Gov. Jerry Brown and state legislators opted to abolish redevelopment agencies to help close a $25 billion budget deficit this fiscal year. The state expects to save $1.7 billion by halting the flow of local property tax revenue to redevelopment agencies.
Facing extinction, the agencies argued in court that the state Legislature lacks the legal authority to eliminate public agencies created by, well, the state Legislature.
The state Supreme Court wisely and appropriately rejected that argument in a 6-1 ruling handed down last week.
But that was only half of a stinging defeat for the state's 400 redevelopment agencies. The same decision overturned a companion law sparing redevelopment agencies that agreed to give up some of their revenue. As a result, the agencies will be limited to completing projects that already are under way.
For cash-strapped counties and public schools, the Supreme Court ruling will pay off in some badly needed budget relief because redevelopment agencies now vacuum up 12 percent of property tax dollars statewide.

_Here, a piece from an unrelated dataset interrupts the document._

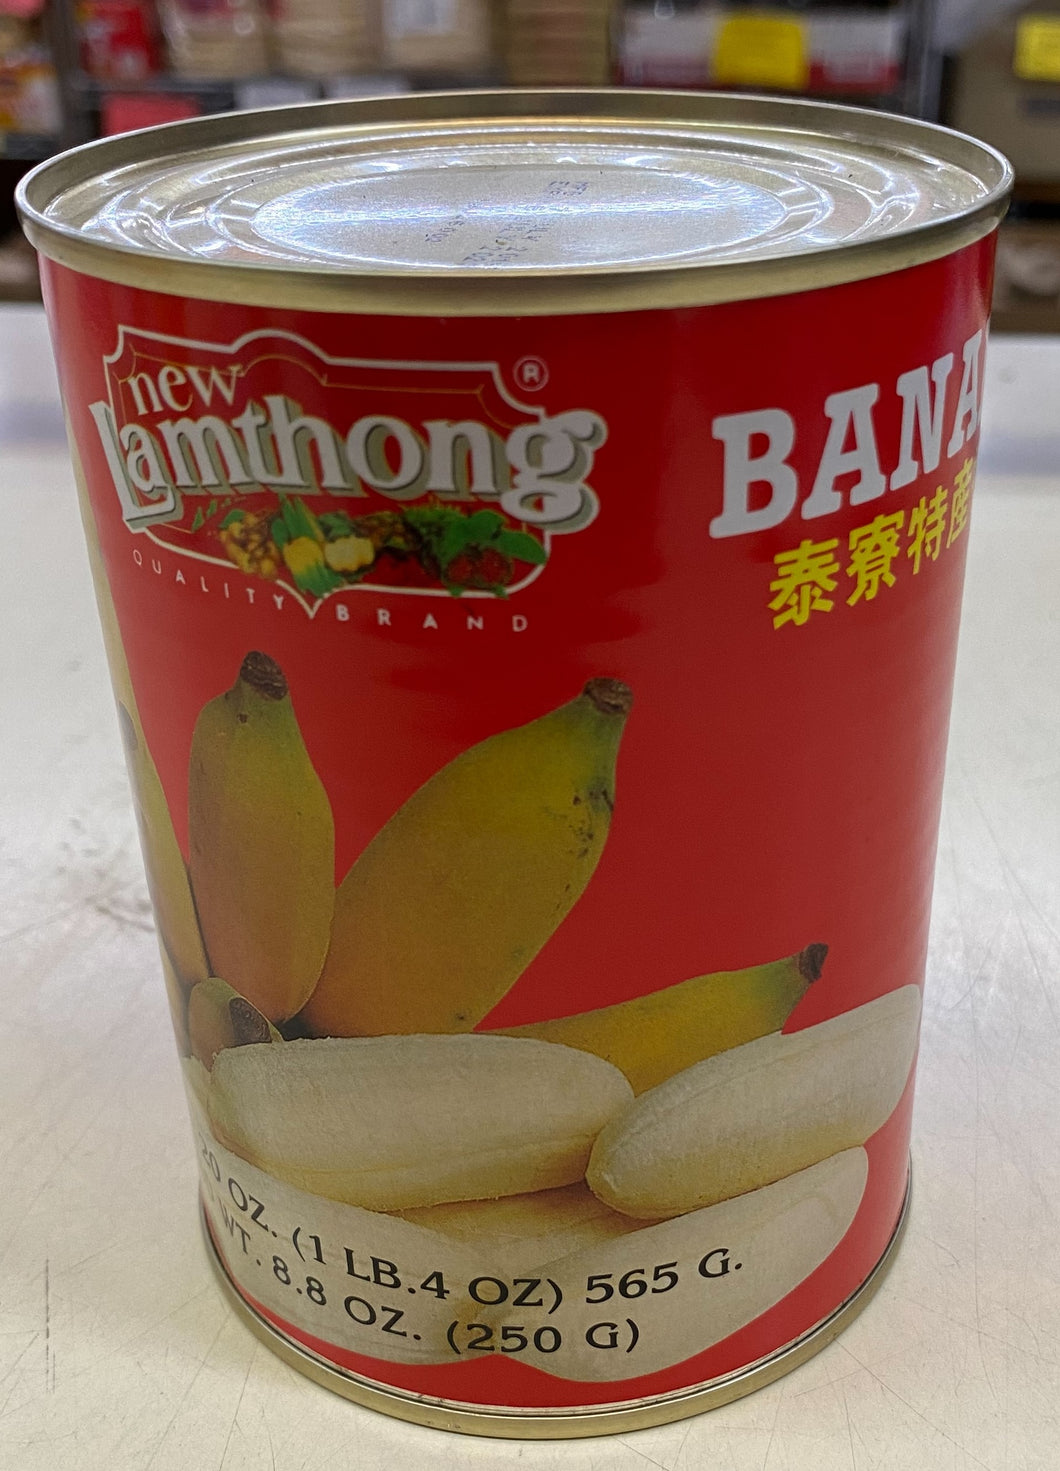 New Lamthong Banana in Syrup
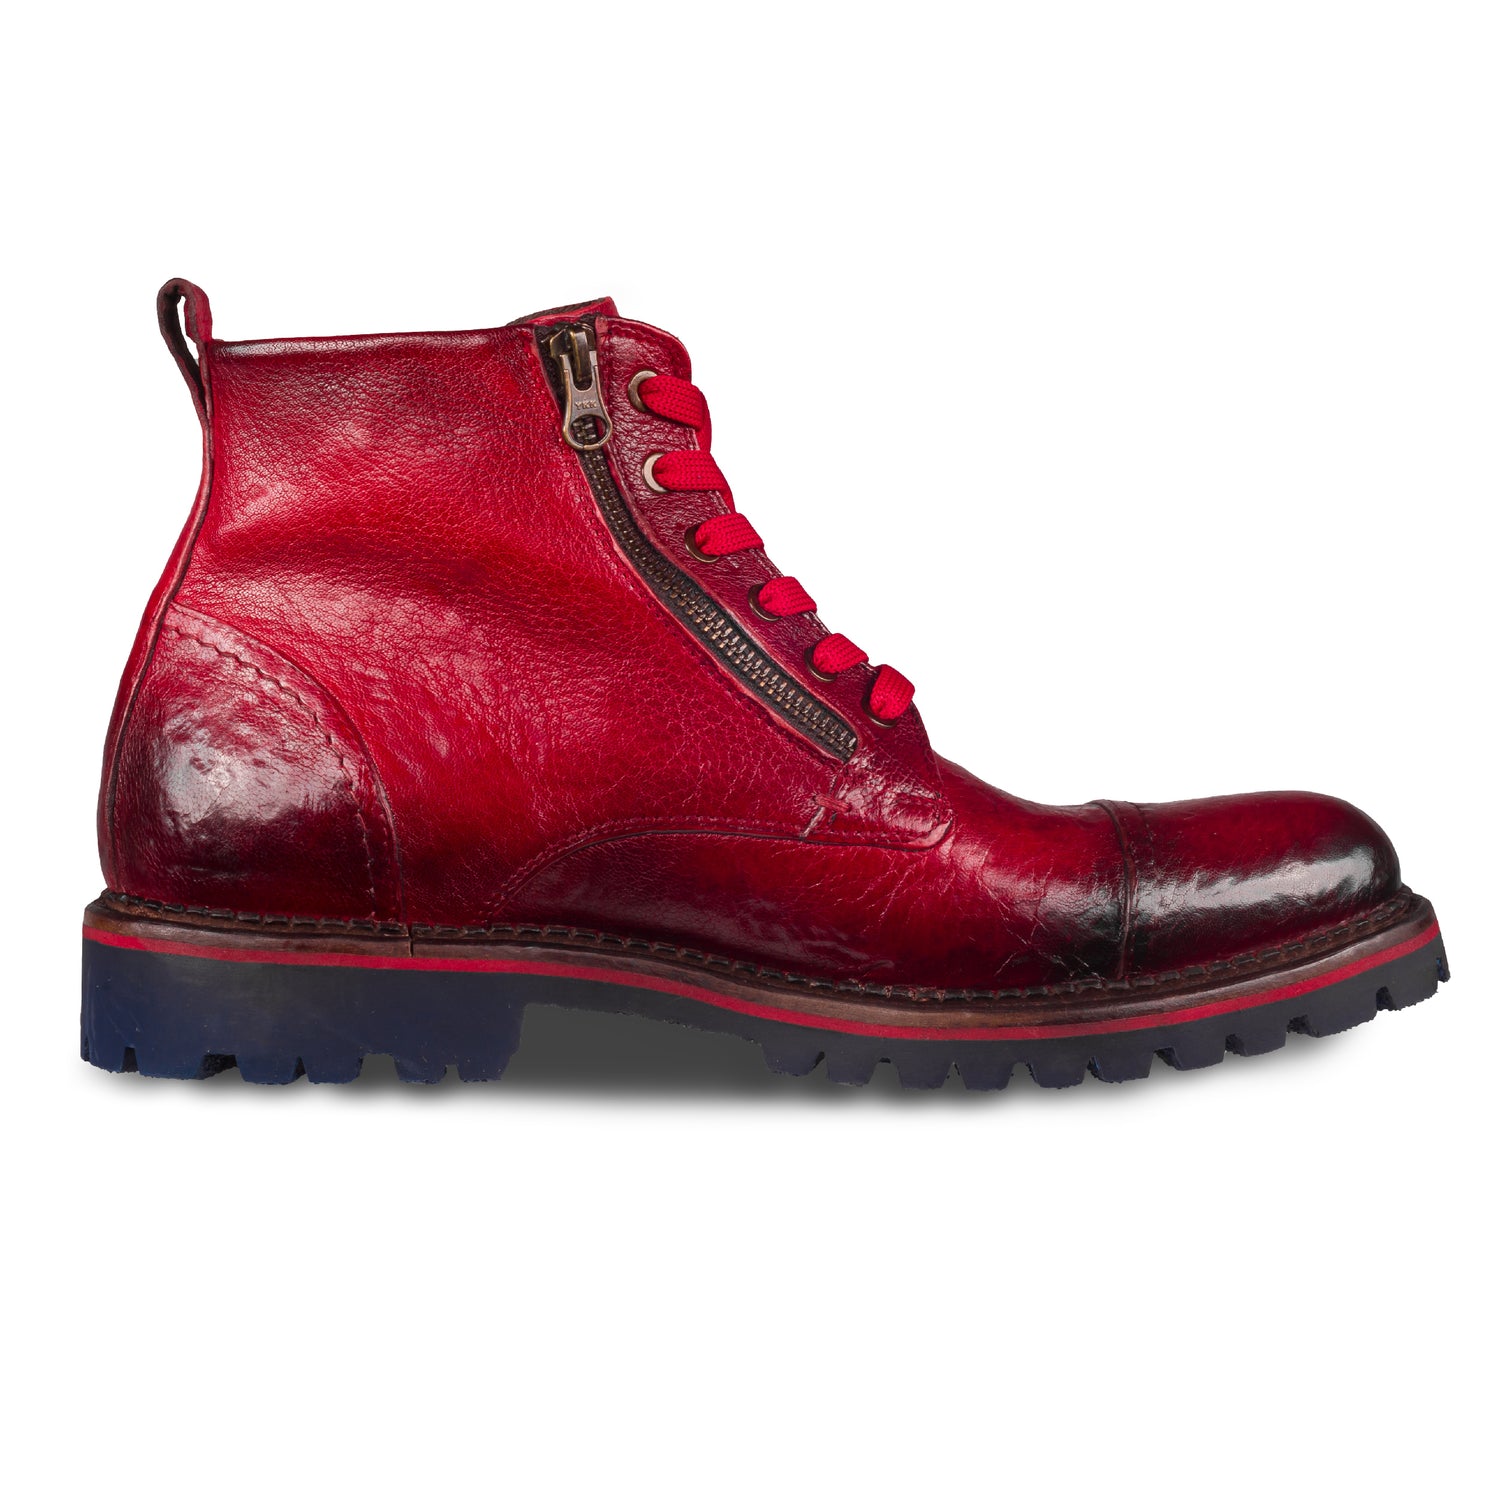 LORENZI - Italienische Herren Schnür-Boots, Kalbsleder-Stiefelette rot. Handgefertigt und durchgenäht. Seitliche Ansicht der Innenseite linker Schuh.

Beyond that, an opportunity remains for state and local officials to restore the best parts of redevelopment, a system that has too frequently strayed from its purpose: promoting economic development and affordable housing projects.
Redevelopment, a fixture in California for 66 years, is a powerful tool. It allows communities to sequester property taxes to pay for infrastructure improvements and even finance business loans to revitalize aging neighborhoods and combat blight. As redevelopment zones flower, property values increase, and rising tax receipts cover the costs.
Sonoma County's successes include Windsor's Town Green, Petaluma's Theatre District and Boyes Hot Springs, where a county redevelopment project lends money to refurbish storefronts along Highway 12.